# Breeding



## scorp713 (Dec 11, 2009)

When is a pitbull ready to mate or breed


----------



## Aidan (Nov 3, 2009)

what are your reasons for breeding? Do you have a set goal in mind? Do you work your dog in shows or events?


----------



## gxkon (Jul 13, 2009)

lol i see a big can of worms getting opend here also if u ask a question like that u shouldnt breed if thats what yer planing welcome to the forum and learn from the people here there the best


----------



## Aidan (Nov 3, 2009)

handle it the positive way and educate.


----------



## Sampsons Dad (Jul 4, 2008)

After you have titled the dg and gotten an OFA registration on the Hips, Heart, Elbows, and thyroid.

Like so:
http://www.offa.org/display.html?appnum=1350689#animal


----------



## meganc66 (Mar 6, 2009)

Sampsons Dad said:


> After you have titled the dg and gotten an OFA registration on the Hips, Heart, Elbows, and thyroid.


:goodpost::goodpost::goodpost::goodpost::goodpost::goodpost:


----------



## Sampsons Dad (Jul 4, 2008)

:hammer:some times i surprise meself:hammer:


----------



## Aidan (Nov 3, 2009)

Ok so since so many people ask this question, get a few responses and then never come back let me say this and sorry if I am blunt, we here at gopitbull do not believe in just anybody breeding.
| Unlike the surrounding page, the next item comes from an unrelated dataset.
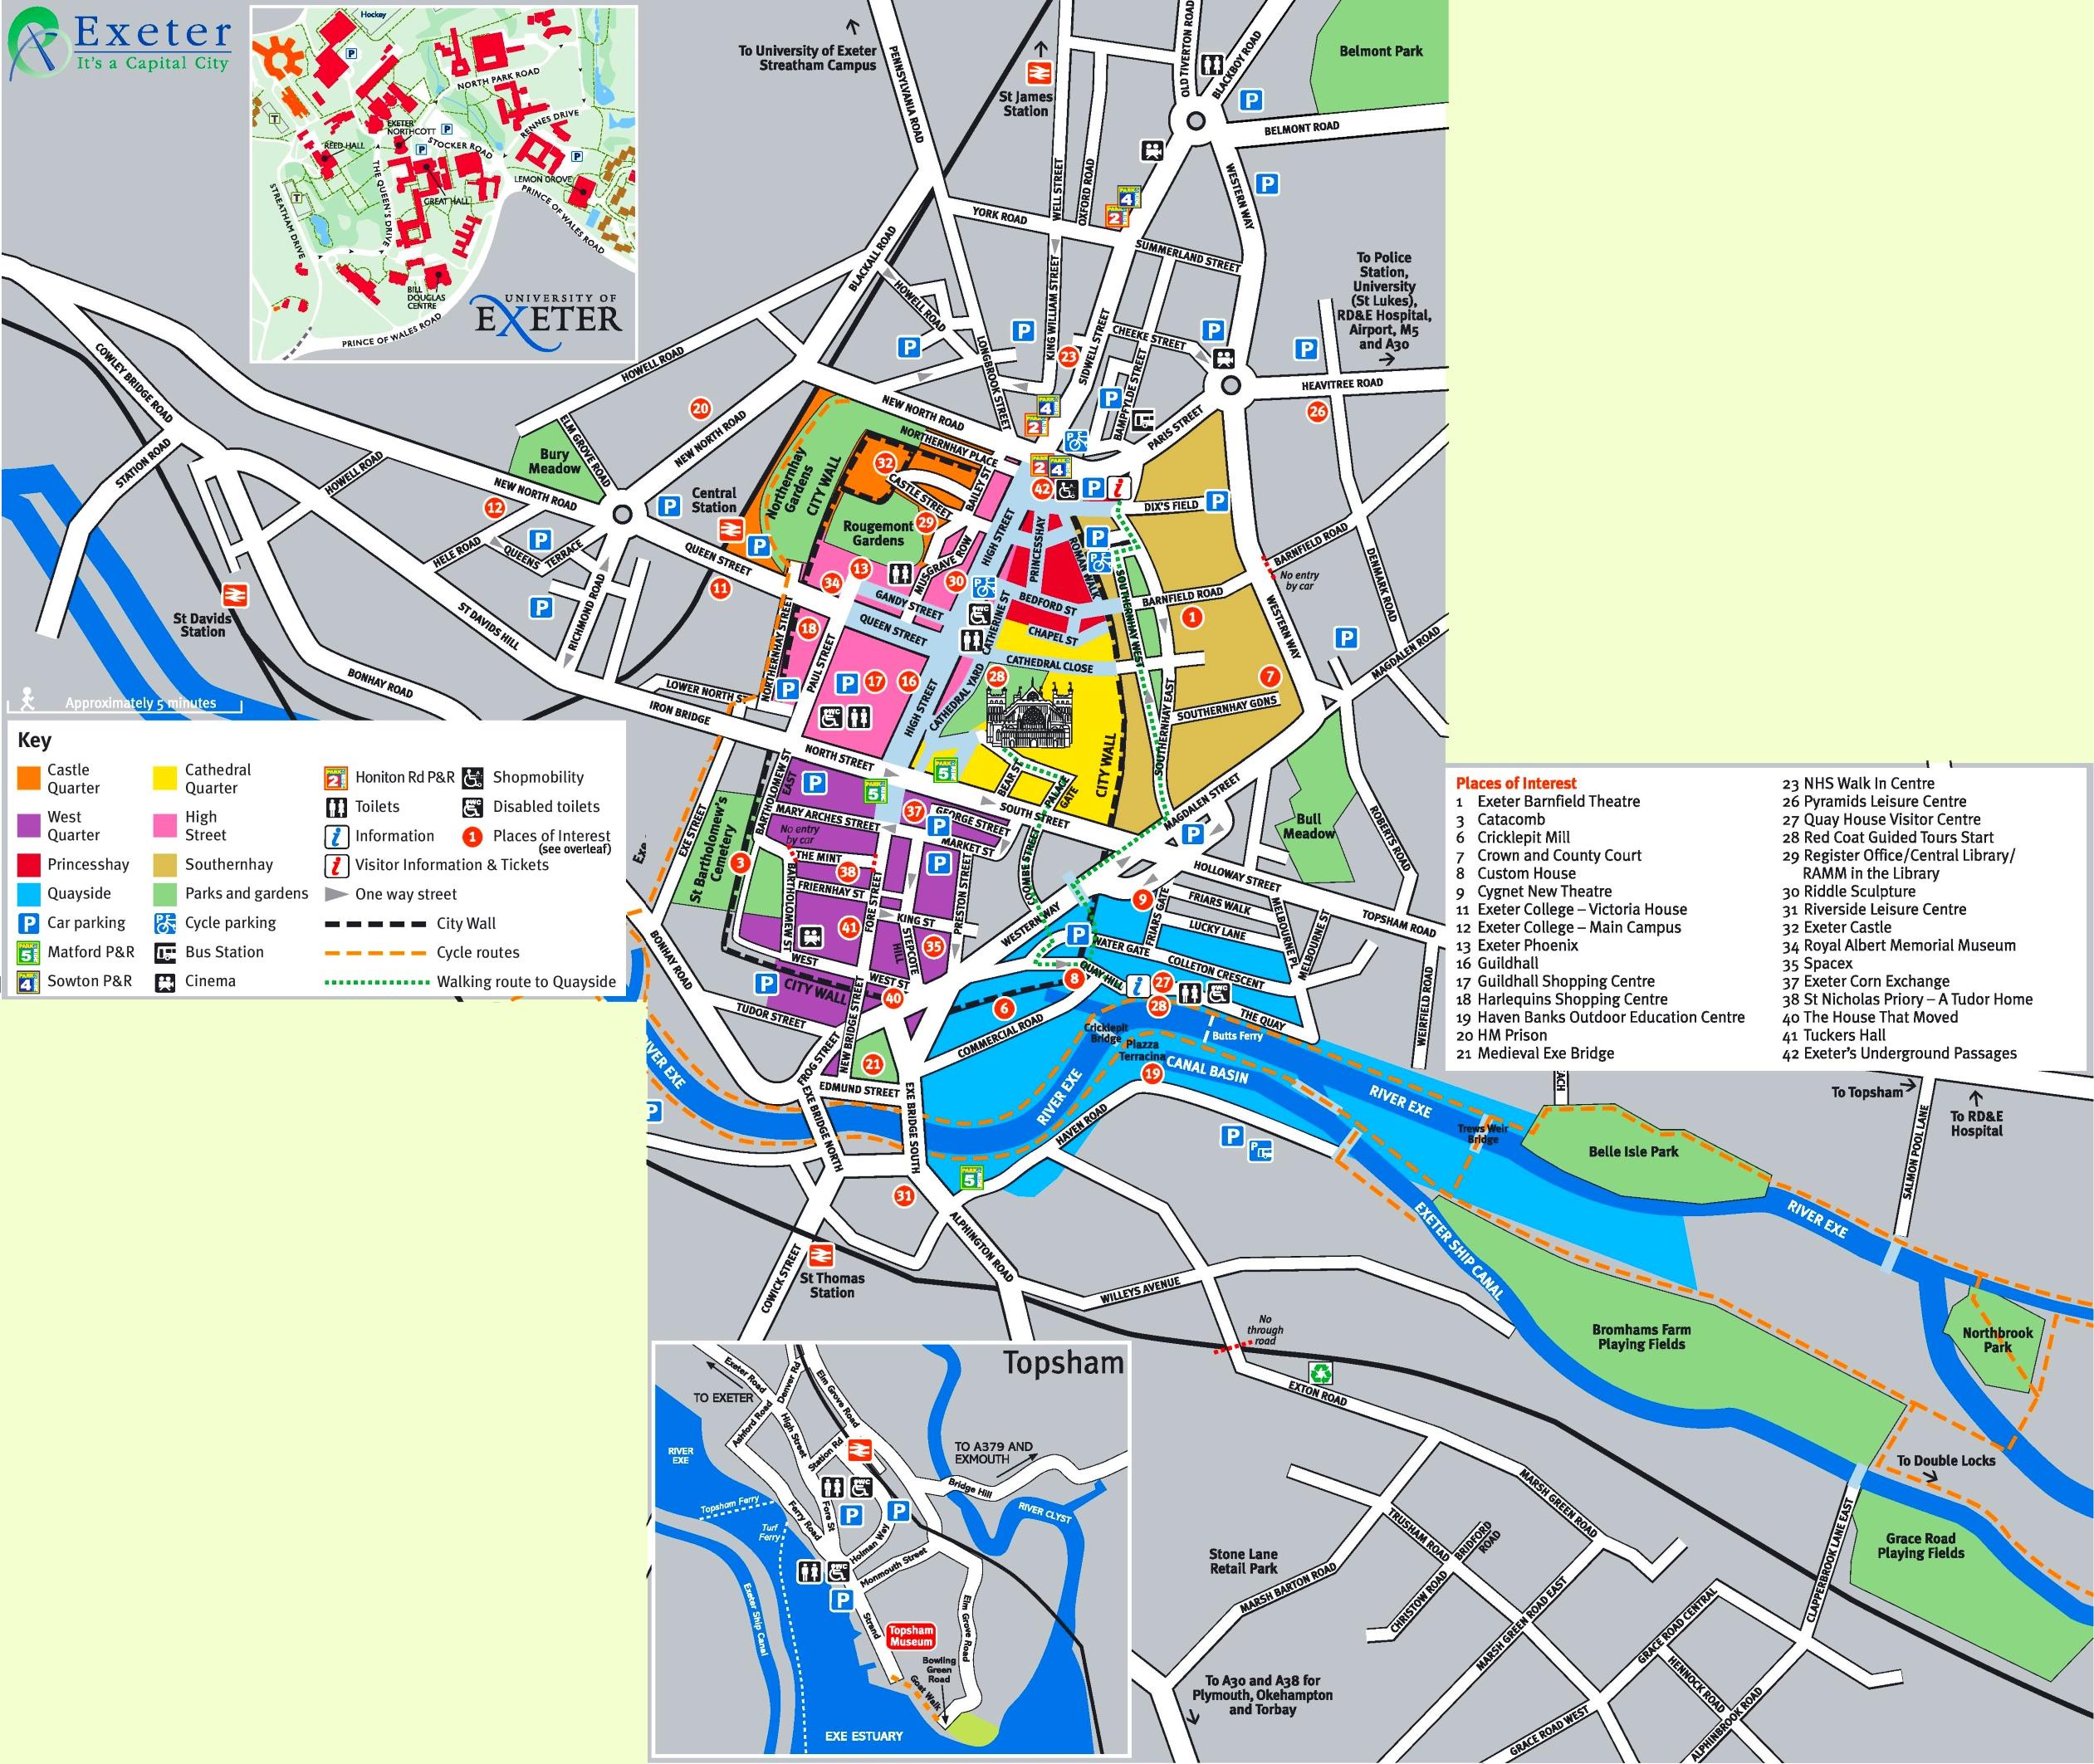 Map Of Exeter Exeter tourist map Map Of Exeter

If you do not know when is the best time to breed your dog then you simply should not be breeding.

There are way to many back yard breeders out there who just do it for the money who continue to over populate the breed and 1000s of our dogs end up in shelters. These people also produce unsound dogs who do not represent the breed well, further hurting every APBT owner out there.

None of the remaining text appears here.